** DATA EXCERPT **
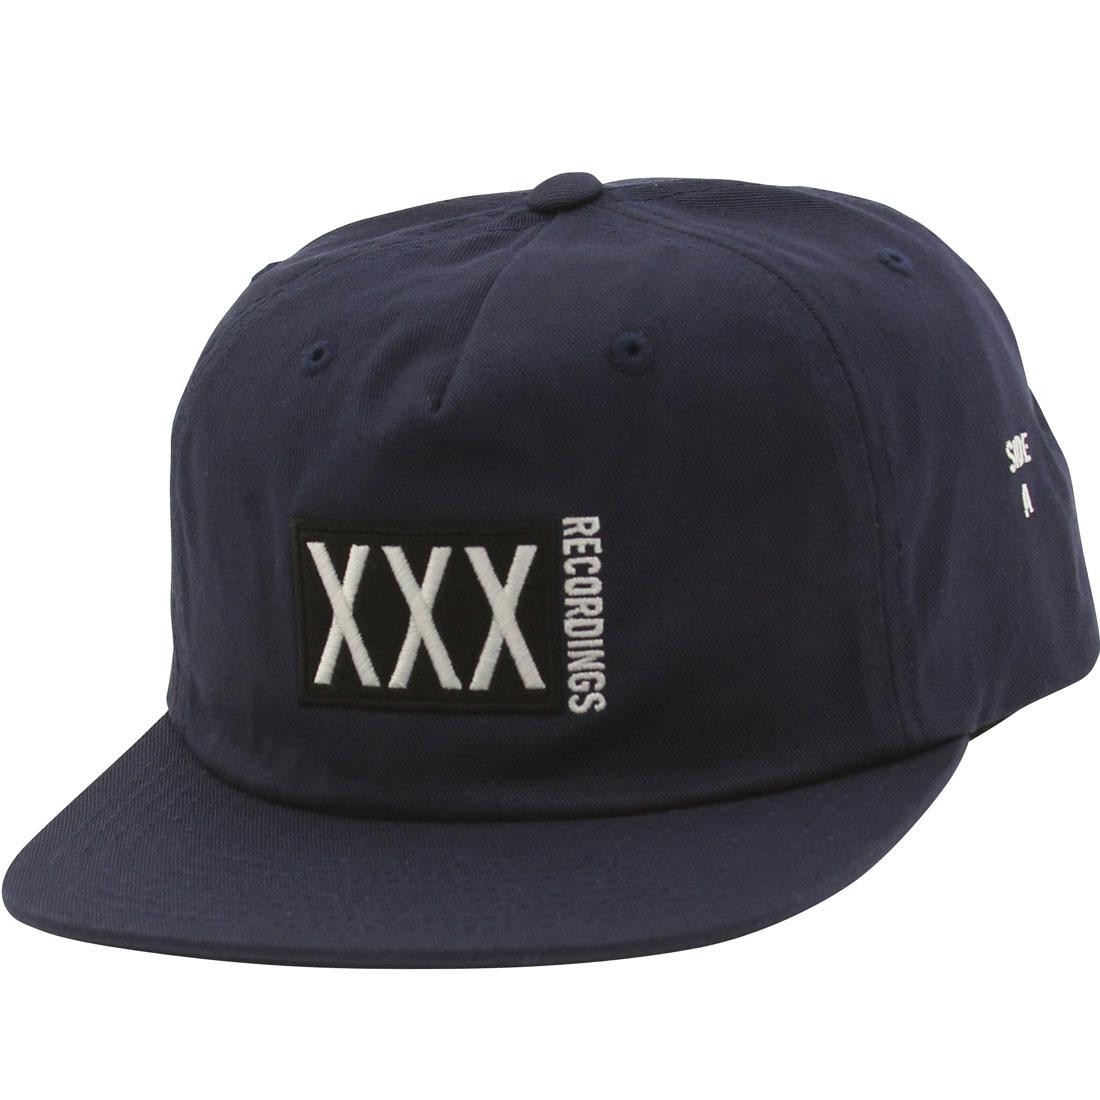 10 Deep Triple X Records Snapback Cap (navy)
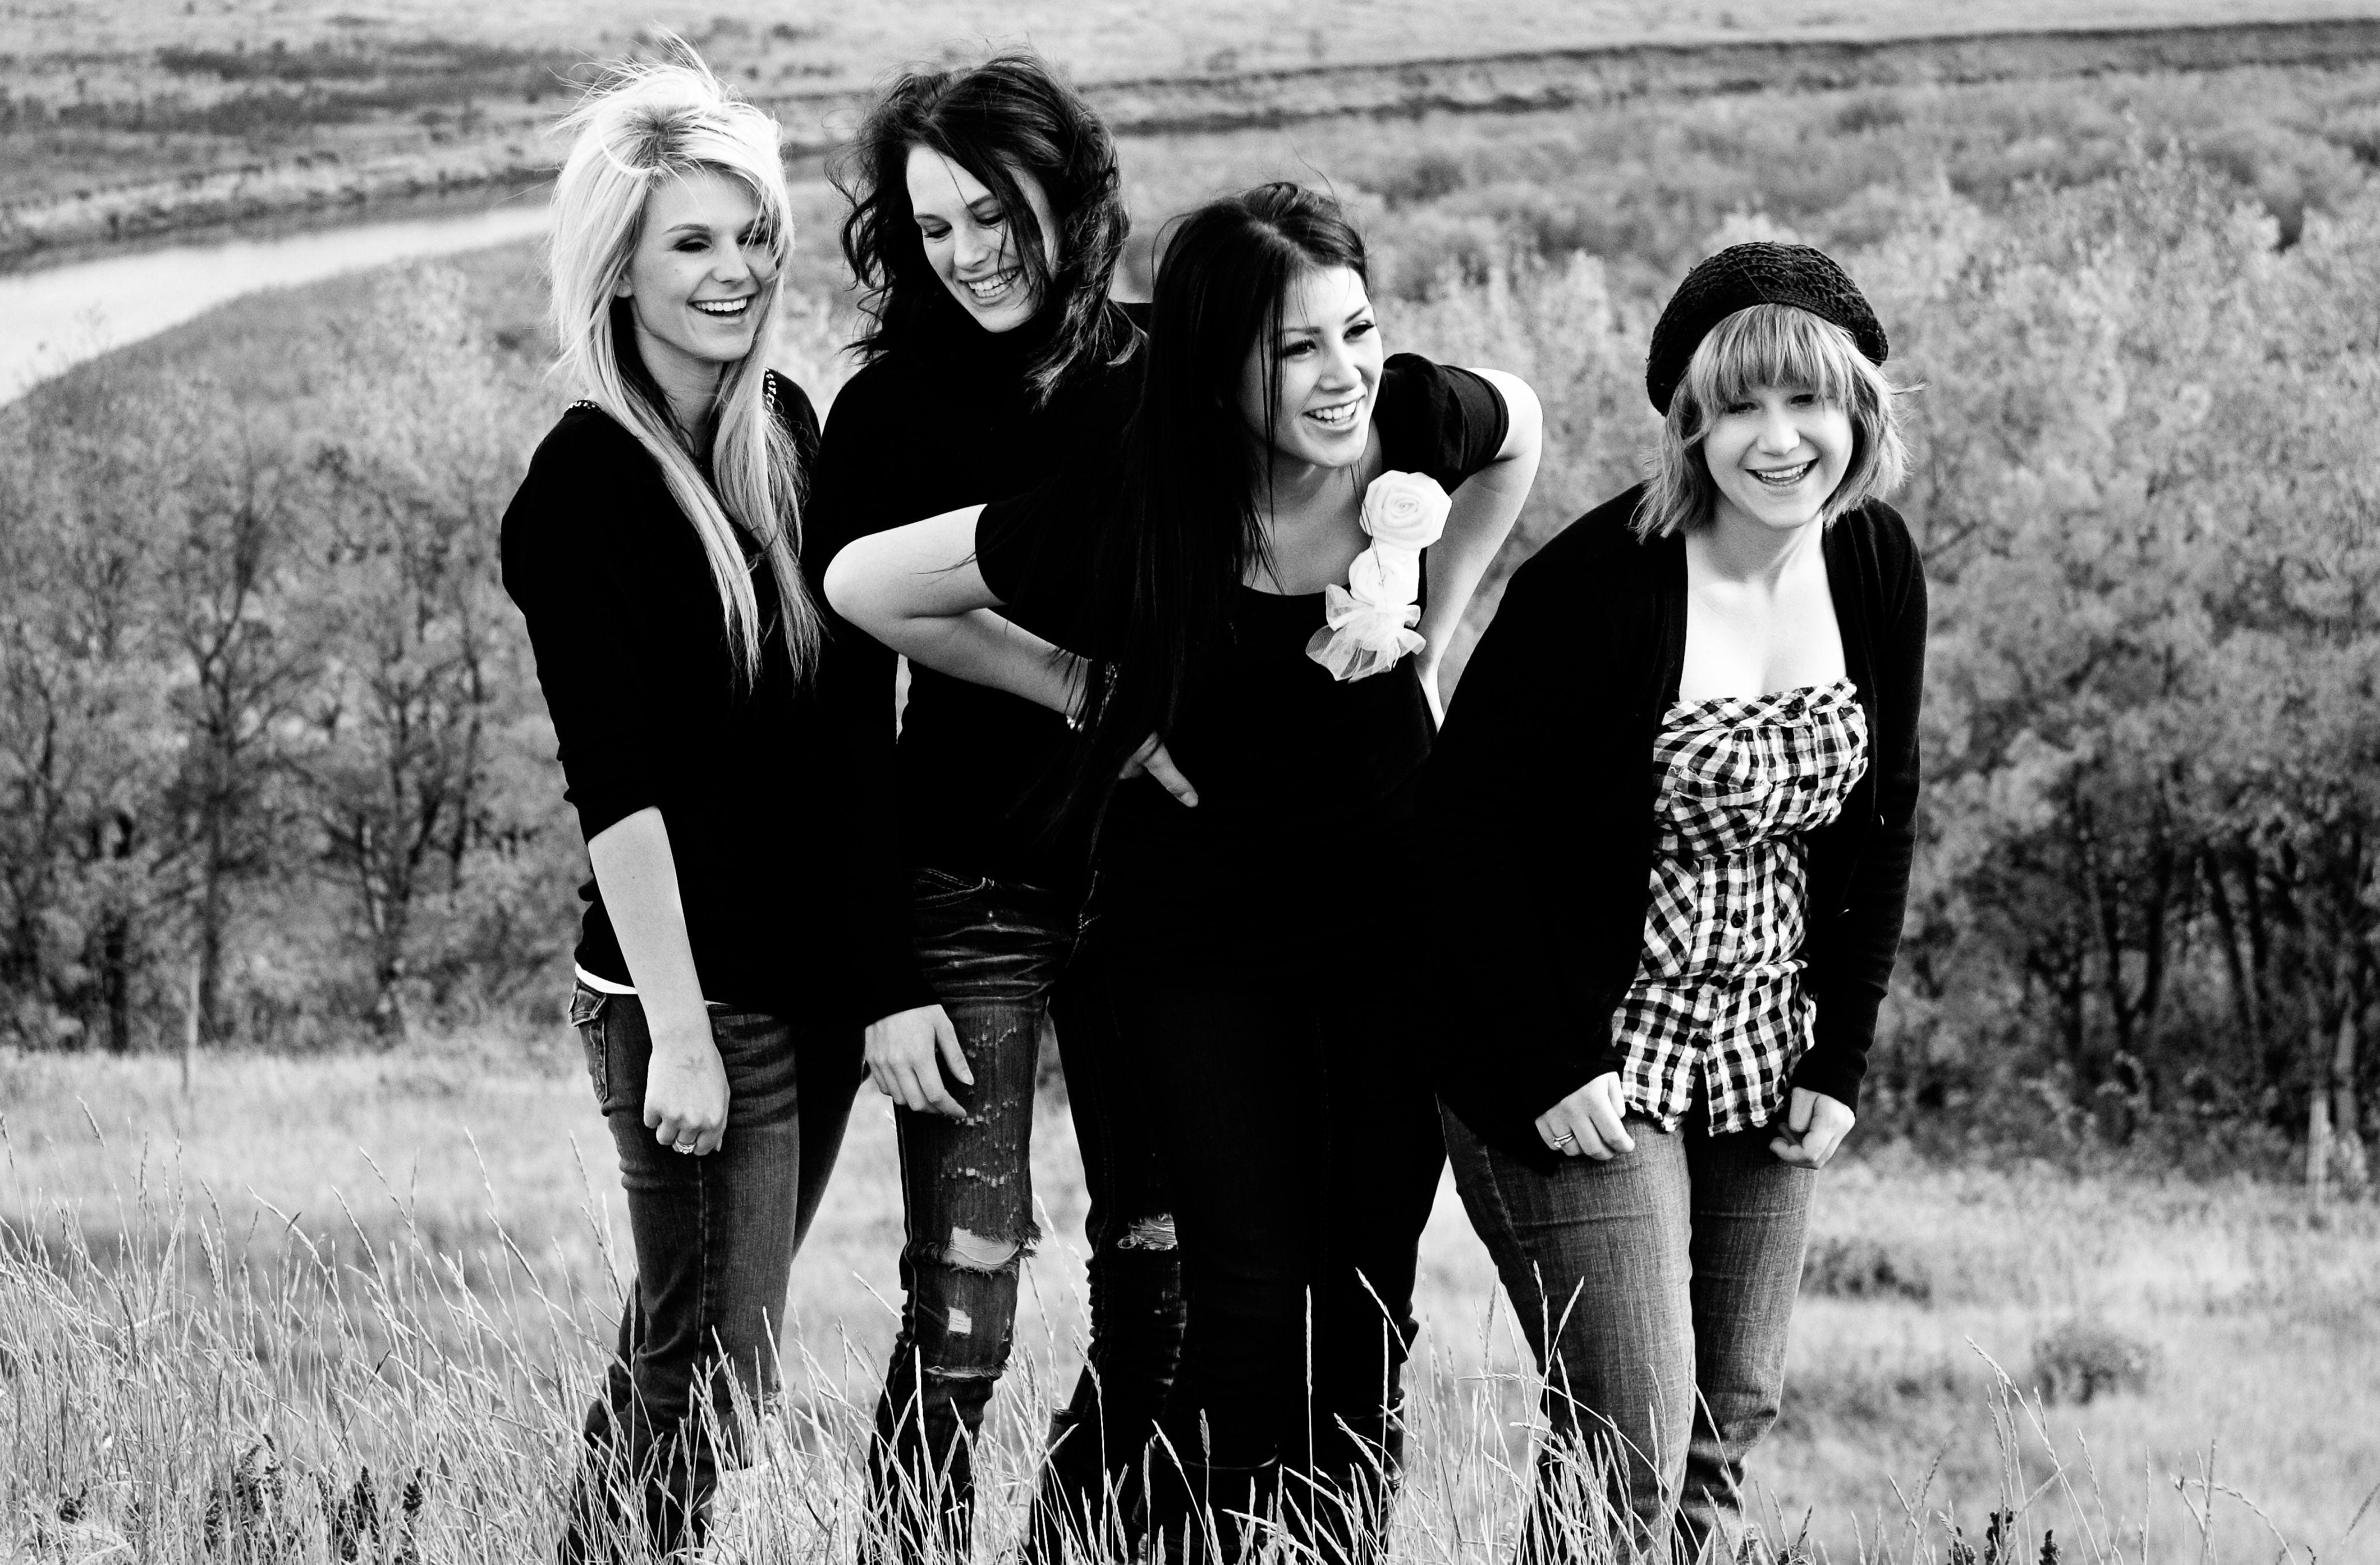 Friends are a girls own medicine
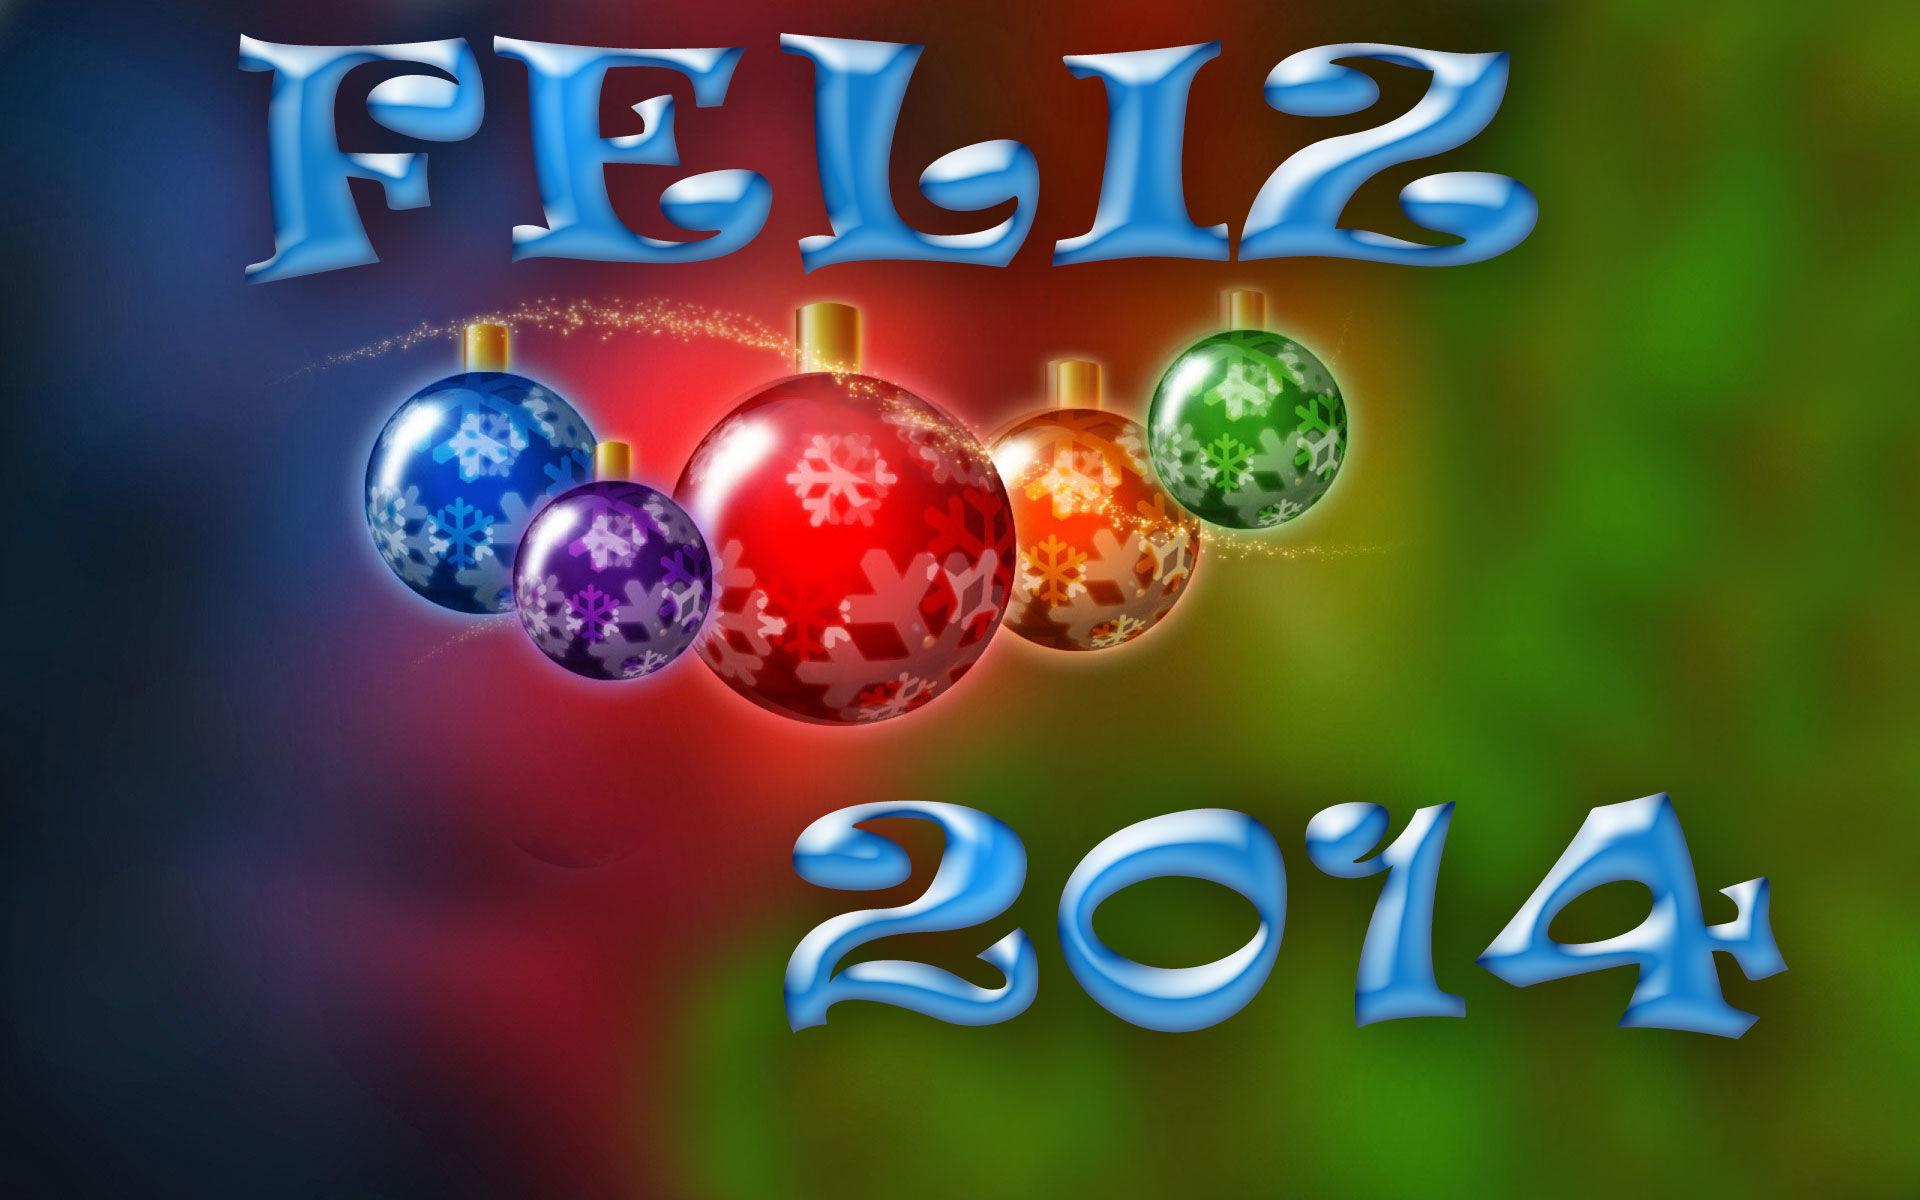 http://www.clickgratis.com.br/_upload/scraps/2013/12/26/feliz-2014-v-52bc5476deab8.jpg
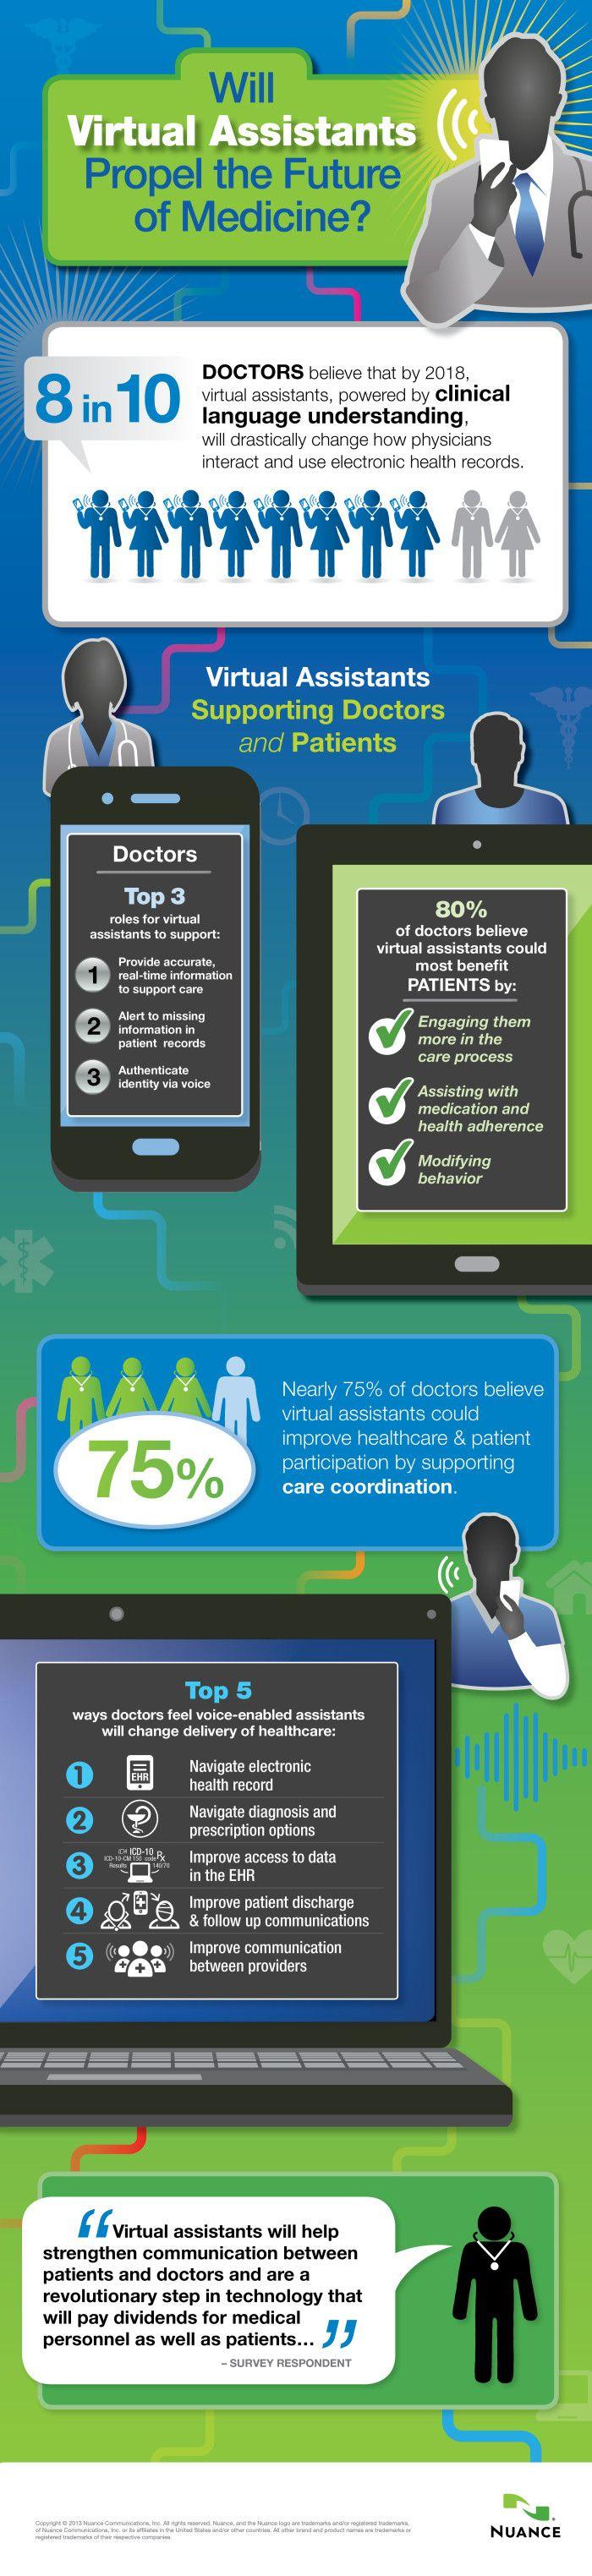 Virtual assistants to change medicine

** PROBLEM TO SOLVE **
Copy the whole of the material above exactly, but not its images.

** YOUR RESPONSE **
 10 Deep Triple X Records Snapback Cap (navy)
 Friends are a girls own medicine
 http://www.clickgratis.com.br/_upload/scraps/2013/12/26/feliz-2014-v-52bc5476deab8.jpg
 Virtual assistants to change medicine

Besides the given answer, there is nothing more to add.